* _Data_
━━━━━━━━━━━━━━━━
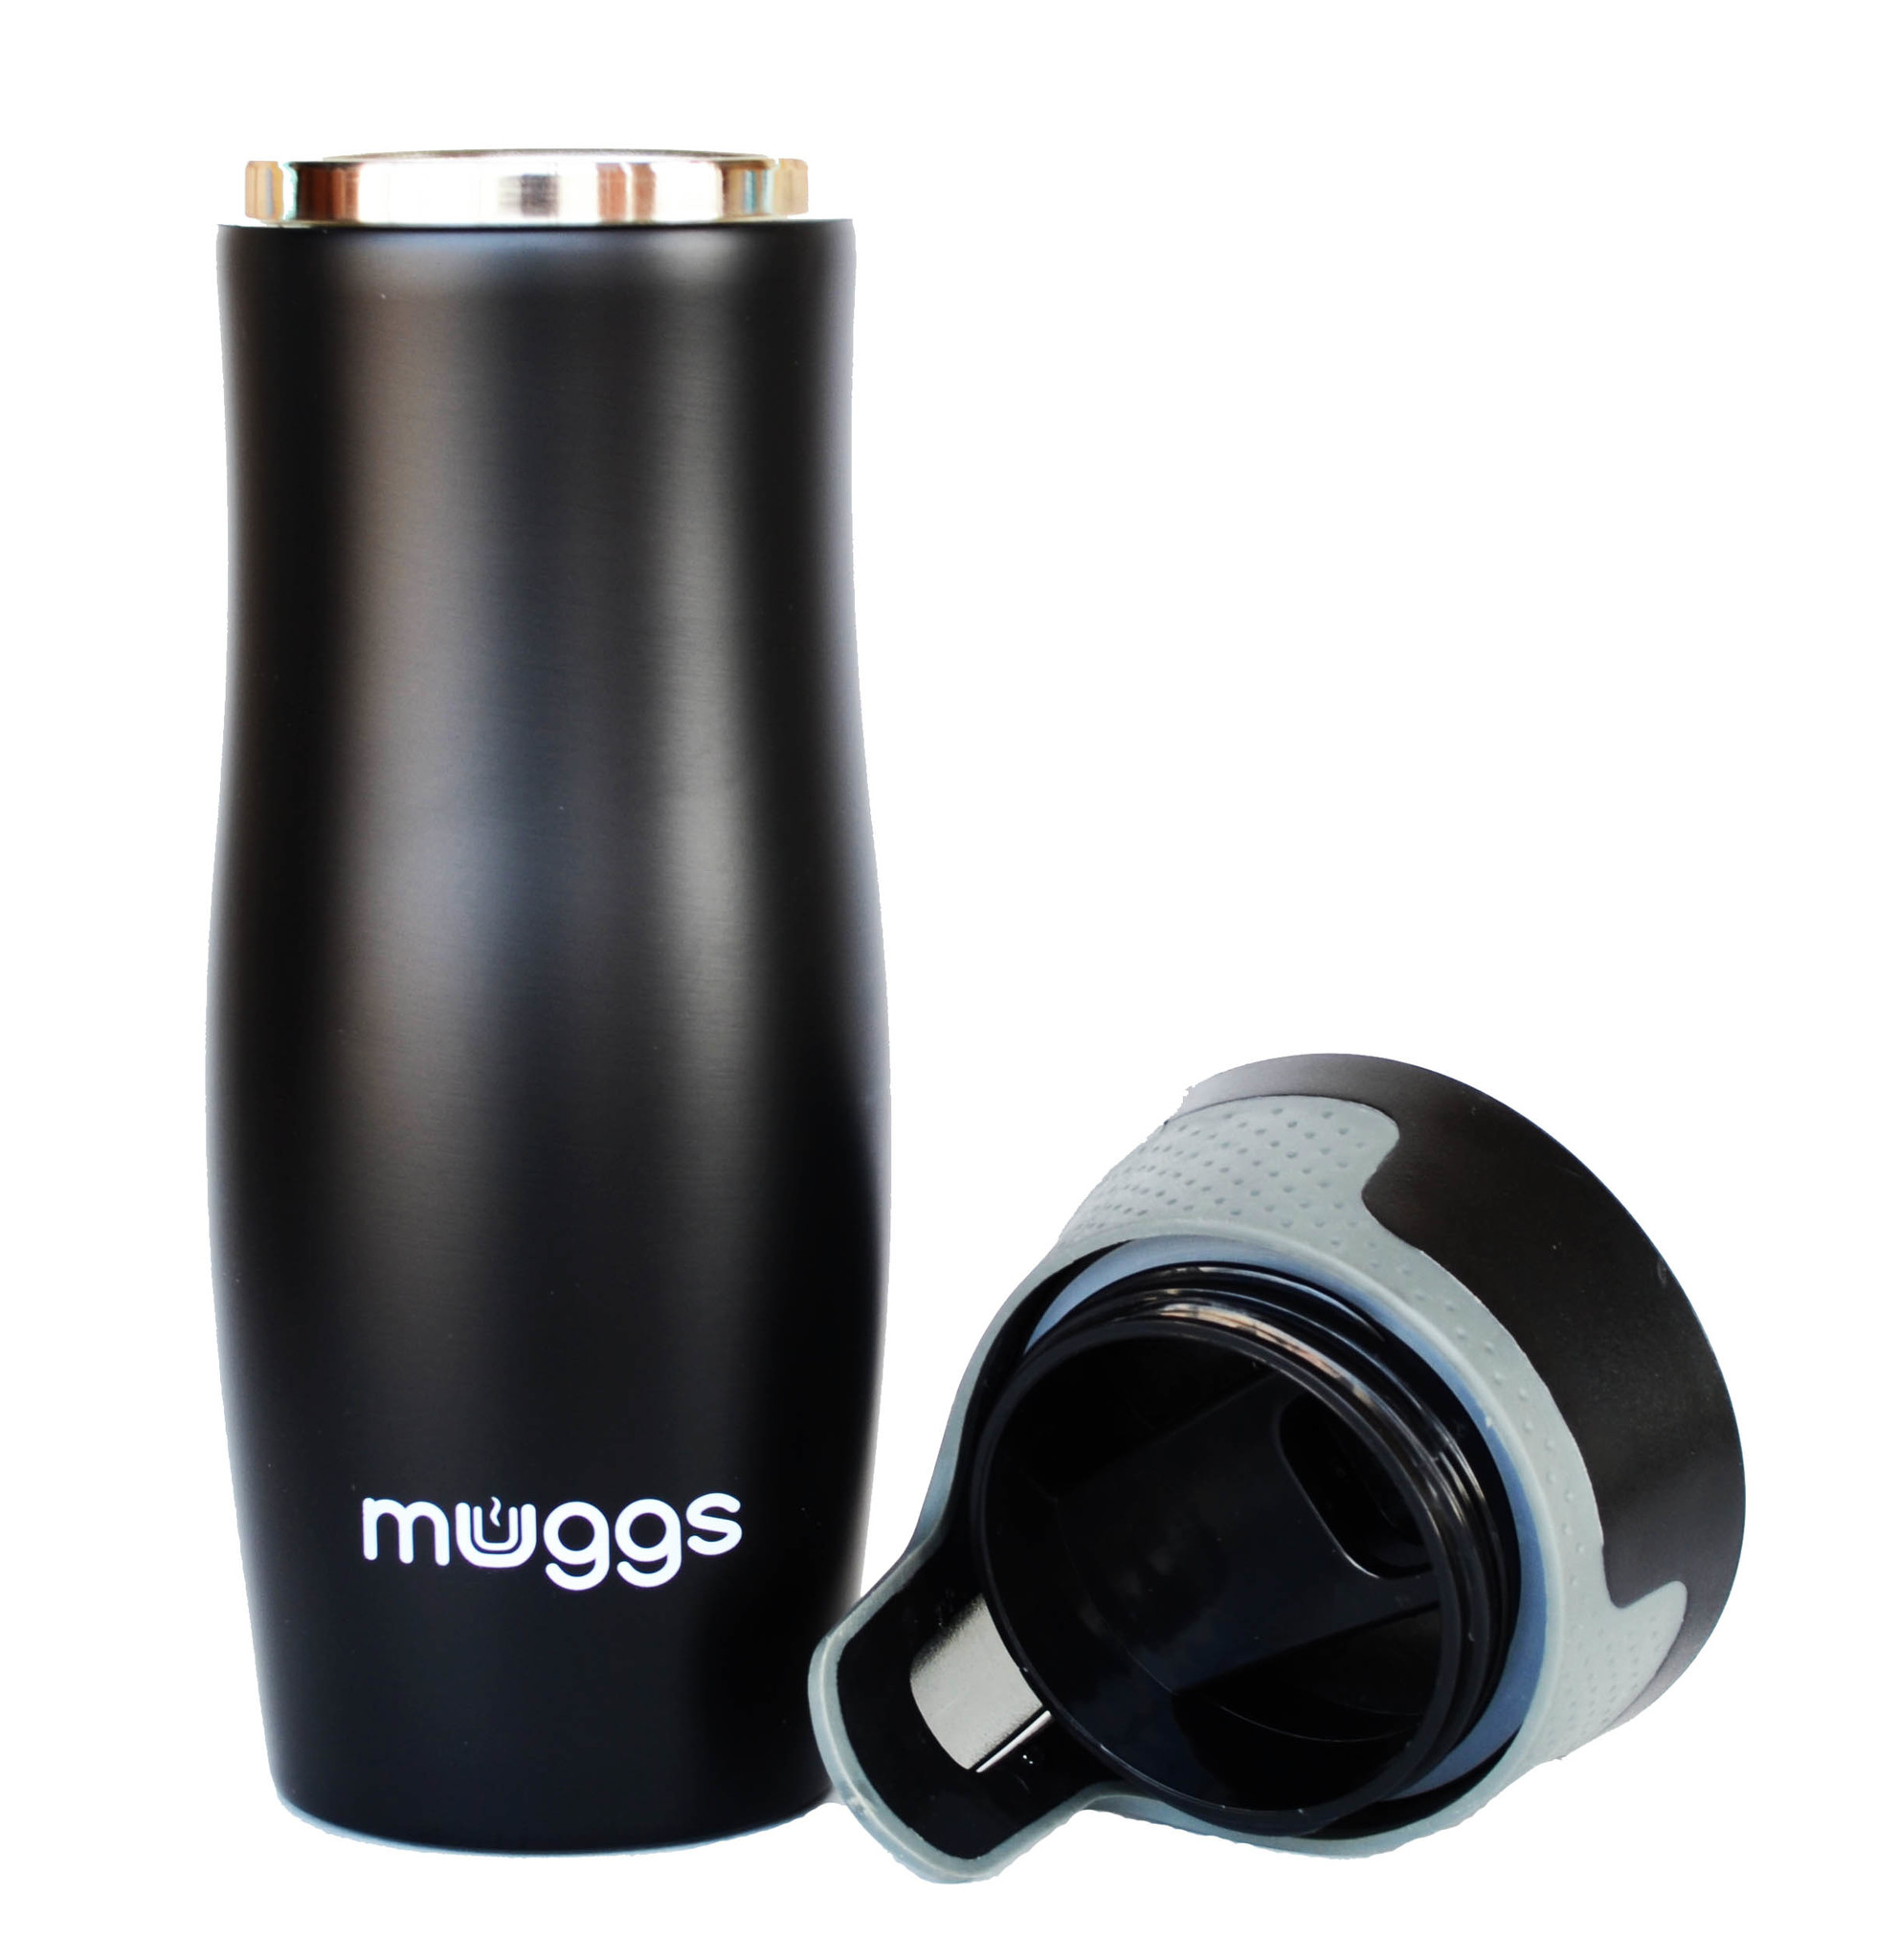 Термокружка Muggs Button 450 мл. черная
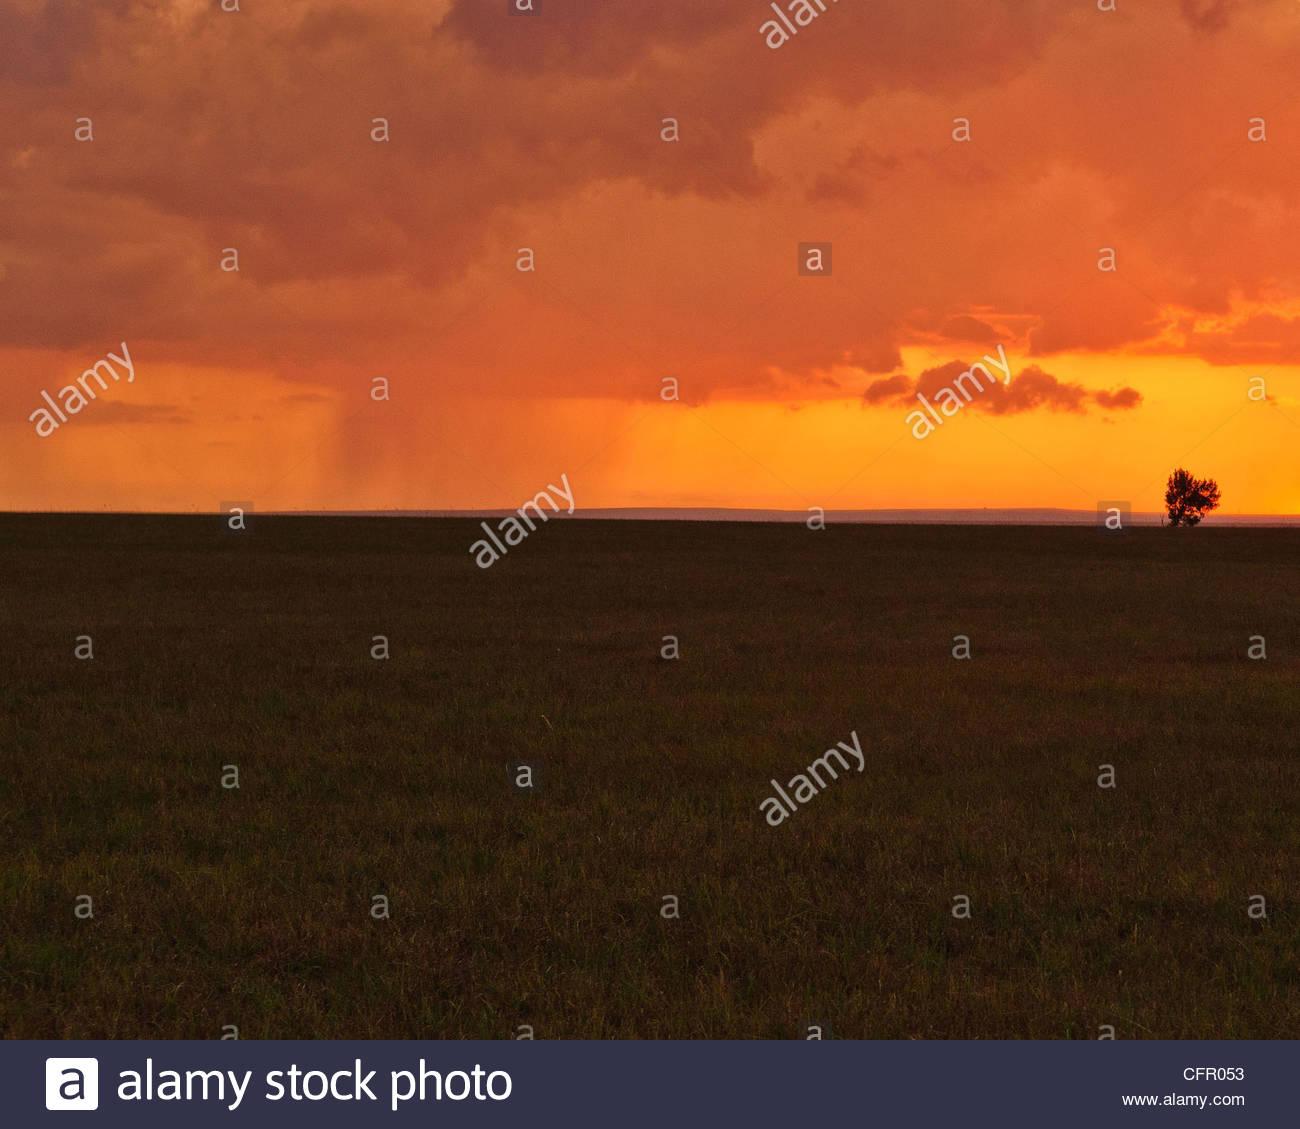 Storm Clouds over Field at Sunset, Flint Hills, Hamilton, KS., Sept. 10, 2011 - Stock Image
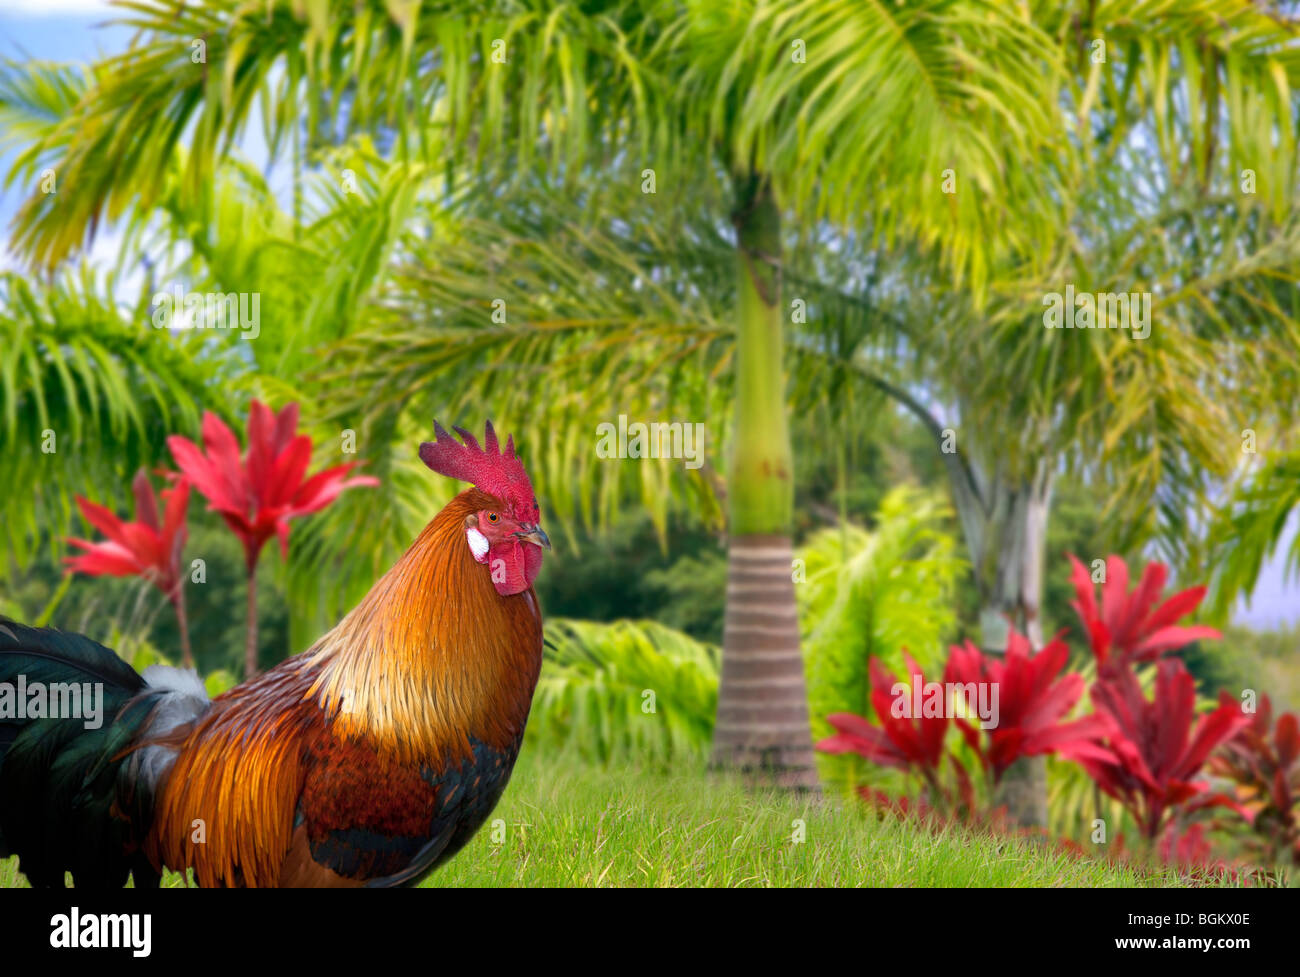 Wild rooster. Kauai, Hawaii - Stock Image
━━━━━━━━━━━━━━━━
* _Problem_
No pictures belong in the answer; copy all other parts of the listing exactly.

* _Task answer_
 Термокружка Muggs Button 450 мл. черная
 Storm Clouds over Field at Sunset, Flint Hills, Hamilton, KS., Sept. 10, 2011 - Stock Image
 Wild rooster. Kauai, Hawaii - Stock Image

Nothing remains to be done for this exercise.